O enfoque que eu quero dar neste texto é outro. É discutir como que se consegue ficar em um evento acadêmico recebendo mensagem de cliente no What’s App, precisando da sua resposta o quanto antes. E o que quero trazer como proposta é que a resposta não seja nem 8 nem 80. Vamos tentar problematizar.

Esta semana, estou participando de um evento acadêmico, como ouvinte (o meu primeiro – leia mais aqui). Já participei de outros como organizadora, mas como ouvinte/estudante é a primeira vez. E, no meio da conferência de abertura, olhando ao meu redor – só estudantes e professores, eu me fiz a seguinte pergunta: “para ser do meio acadêmico, é necessário ter a carreira de pesquisa como o meu ikigai?”

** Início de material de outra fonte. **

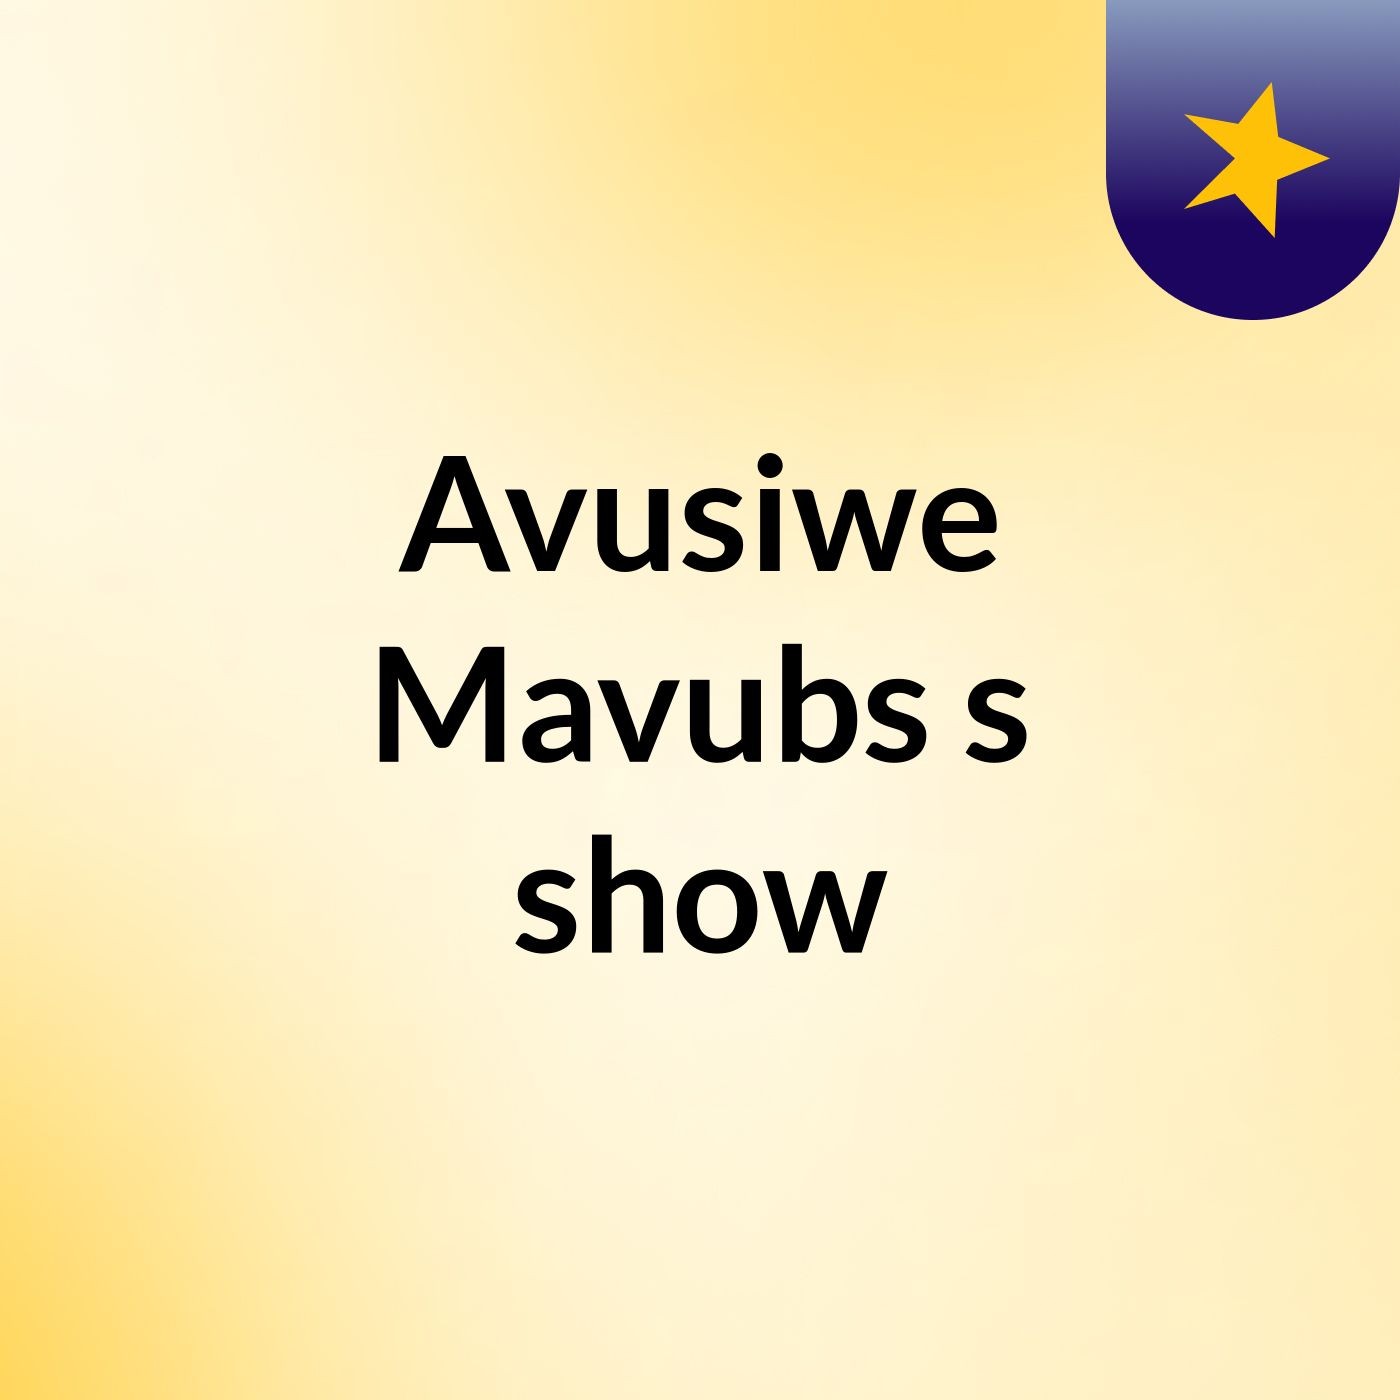 Episode 10 - Avusiwe Mavubs's show

Ikigai, para quem não sabe, é uma palavra japonesa para a arte que te leva a descobrir o seu propósito de vida (em resumo).

Eu já acho que essa busca pelo propósito bota uma baita pressão na nossa vida de maneira geral. Por que eu tenho que ter um propósito grande, em primeiro lugar? E por que eu teria que ter apenas um? Foco? Mas não posso focar em mais de uma coisa? Foco em um único propósito não me limitaria? Eu não posso encontrar o propósito em pequenas coisas do dia a dia?

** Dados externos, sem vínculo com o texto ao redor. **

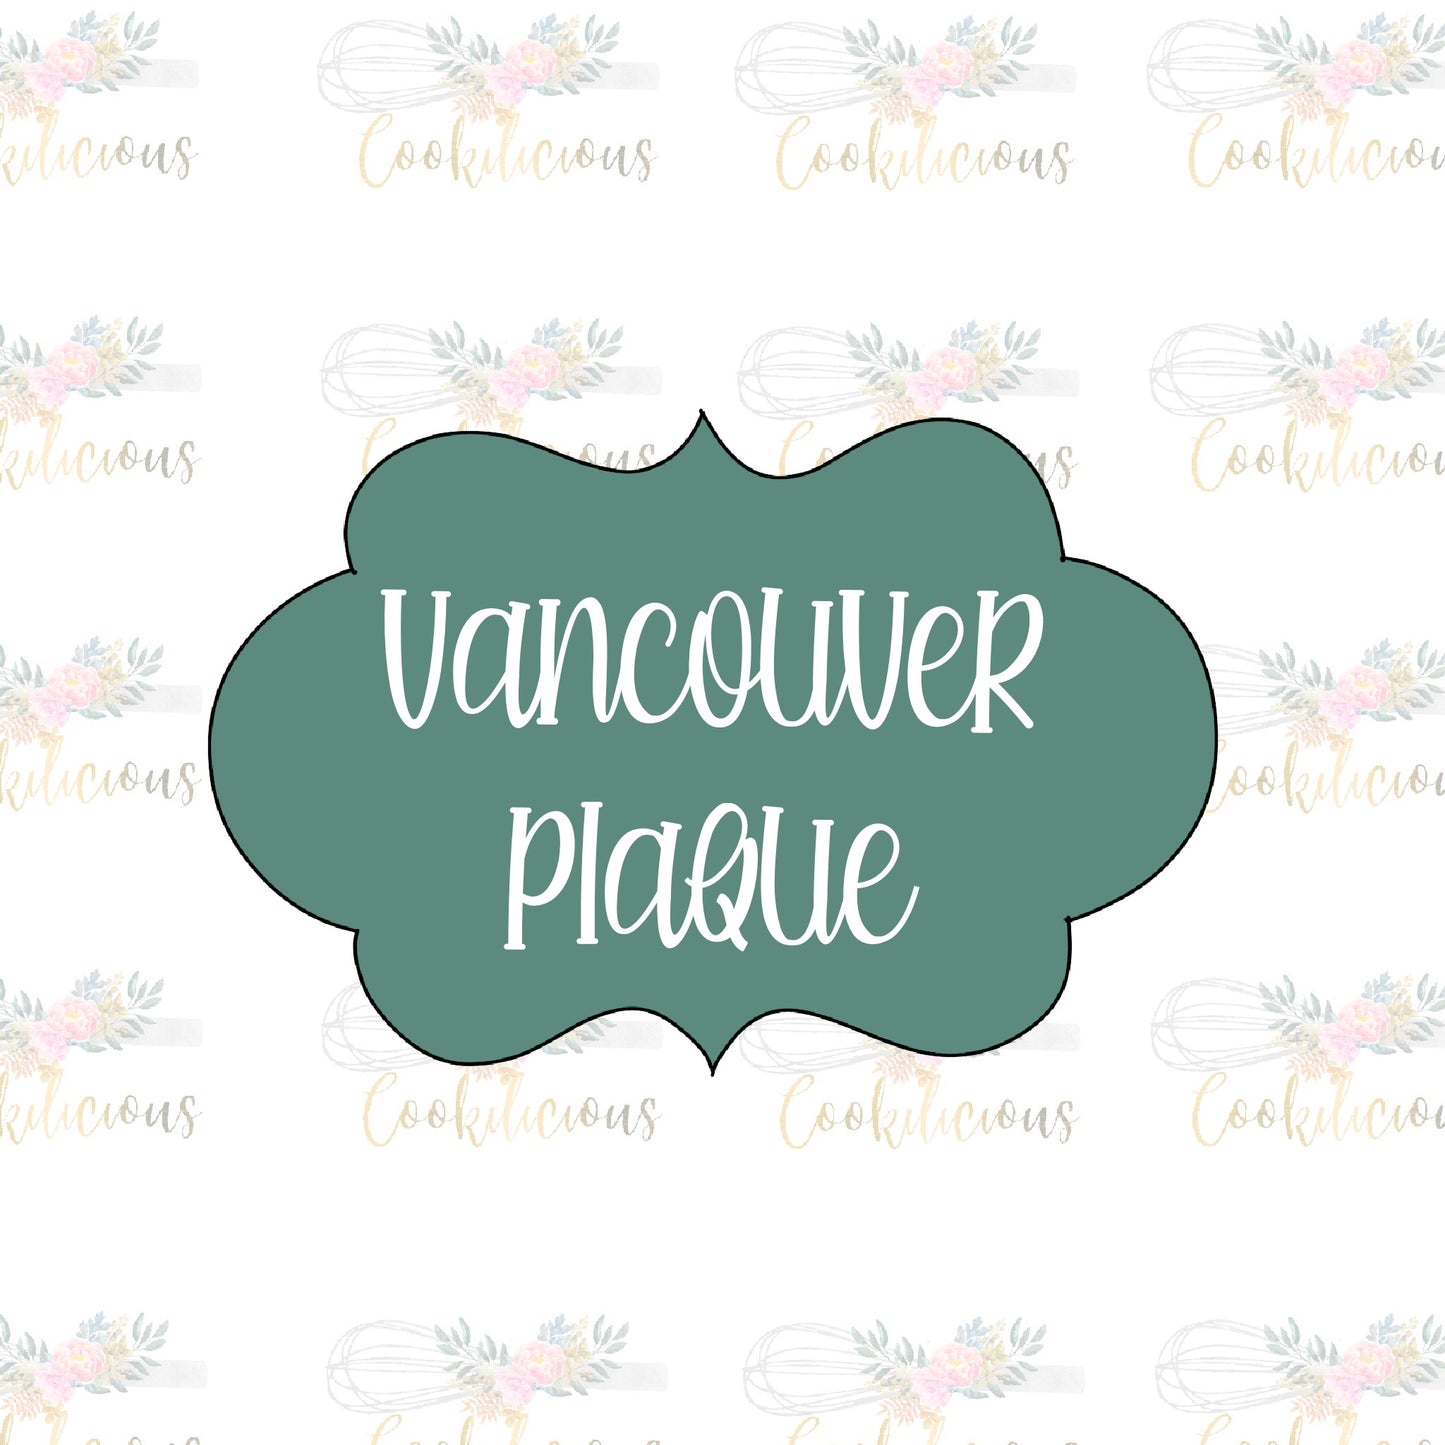 Vancouver Plaque

Fazendo aquela pergunta ali de trás para mim mesma, eu descobri que “apenas” ser pesquisadora “não é” o “meu” ikigai. Assim como ser empresária não é o meu ikigai. Eu vejo todas essas frentes apenas como formatos. Eu as vejo como o COMO, não como o O QUÊ. E isso é bom. Tirou uma carga das minhas costas.

Porque vejam, eu estava preocupada. “Será que não estou deixando minha empresa de lado para focar nos estudos?” Se eu deixar a minha empresa de lado, não vou ter dinheiro para pagar os estudos – para começar. Eu me dei um mês de empolgação (e imersão total) com o mestrado, mas agora é hora de colocar a cabeça no lugar e equilibrar as coisas.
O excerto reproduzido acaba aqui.